8. As per the complainant ASI Mushtaq Ali, on 06.02.2015, when he was on his duty at Police Station, Miro Khan, there came Sikandar Ali and reported death of his daughter Mst.Kamal Khatoon and sought for issuance of letter to medical officer concerned for conducting postmortem on her dead body with an assertion that he would lodge formal FIR of the incident later-on. It was done accordingly, without recording formal report even in roznamcha, by the complainant, which appears to be significant. The formal FIR of the incident was lodged by ASI Mushtaq Ali on behalf of the State on 10.02.2015, allegedly on the basis of information provided to him by a spy intimating him that the deceased has been done to death by her father, brothers and husband in connivance with each other by declaring her to be “Kari” with Akbar Dayo. Neither said Akbar Dayo nor any independent person was examined, during investigation or at trial to prove such factum; such omission could not be overlooked, which apparently has made the involvement of the appellant in this case to be doubtful. Be that as it may, FIR of the incident has been lodged with delay of about five days and explanation to such delay furnished by complainant ASI Mushtaq Ali is not appearing to be plausible. Indeed, he being police officer is appearing to be instrumental in causing delay in recording FIR of the incident, without lawful justification.

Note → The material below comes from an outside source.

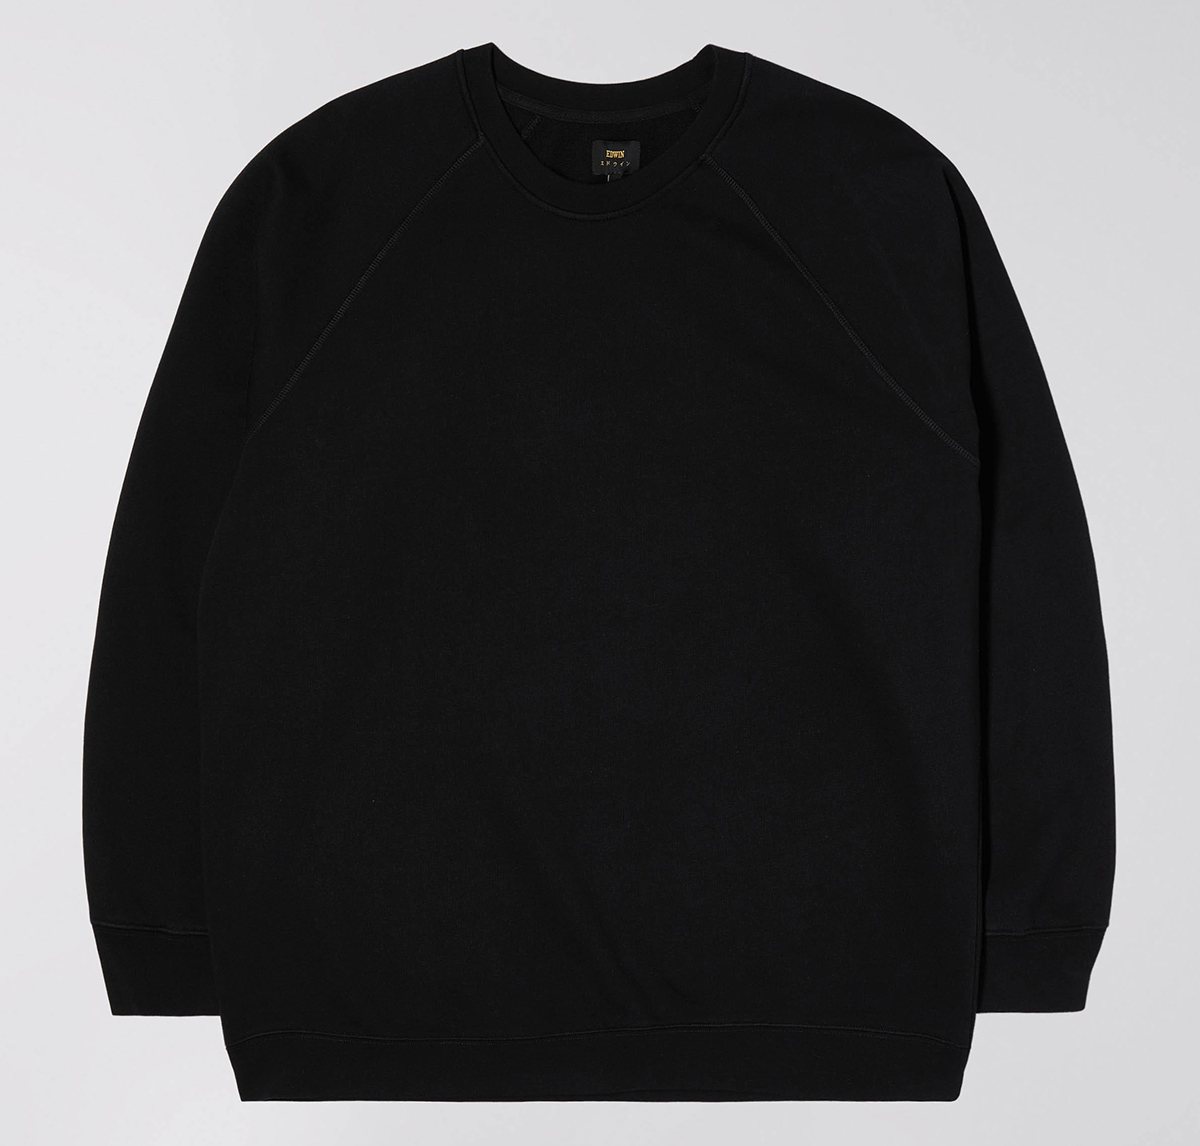 EDWIN x TEIDE - Panther Sweater - Black front flat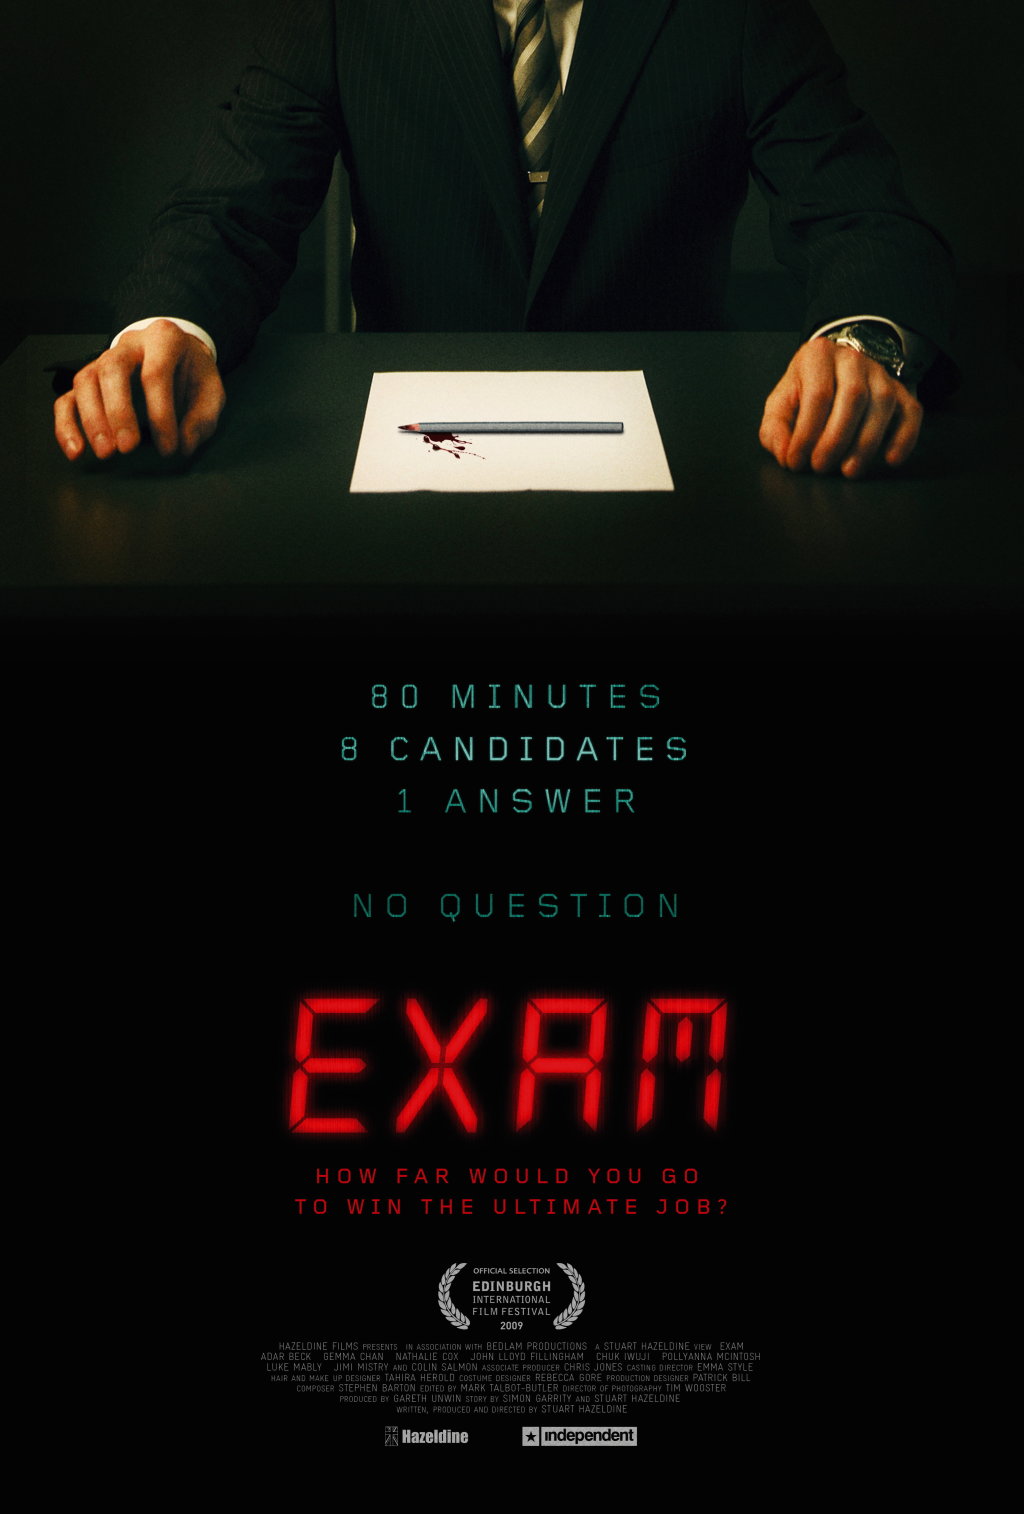 Watch Exam on Netflix Today!

9. In case of Imran Ashraf and others vs. The State (2001 SCMR-424), it was observed by Hon’ble Court that;
“Section 154, Cr.P.C. lays down procedure for registration of an information in cognizable cases and it also indeed gives mandatory direction for registration of the case as per the procedure. Therefore, police enjoys no jurisdiction to cause delay in registration of the case and under the law is bound to act accordingly enabling the machinery of law to come into play as soon as it is possible and if first information report is registered without any delay it can help the investigating agency in completing the process of investigation expeditiously”.
10. Admittedly, none has seen the appellant committing the alleged incident therefore, his involvement on the basis of spy information could hardly be said to be justified to maintain his conviction.
11. In case of Faheem Ahmed Farooqui vs. The State (2008 SCMR-1572), it is held that;
“single infirmity creating reasonable doubt regarding truth of the charge makes the whole case doubtful.
12. In view of the facts and reasons discussed above, the impugned judgment is set aside. Consequently, the appellant is acquitted of the offence for which he was charged, tried and convicted by learned trial Court. He is in custody and shall be released forthwith, if not required in any other custody case.
13. The appeal and reference are disposed of accordingly.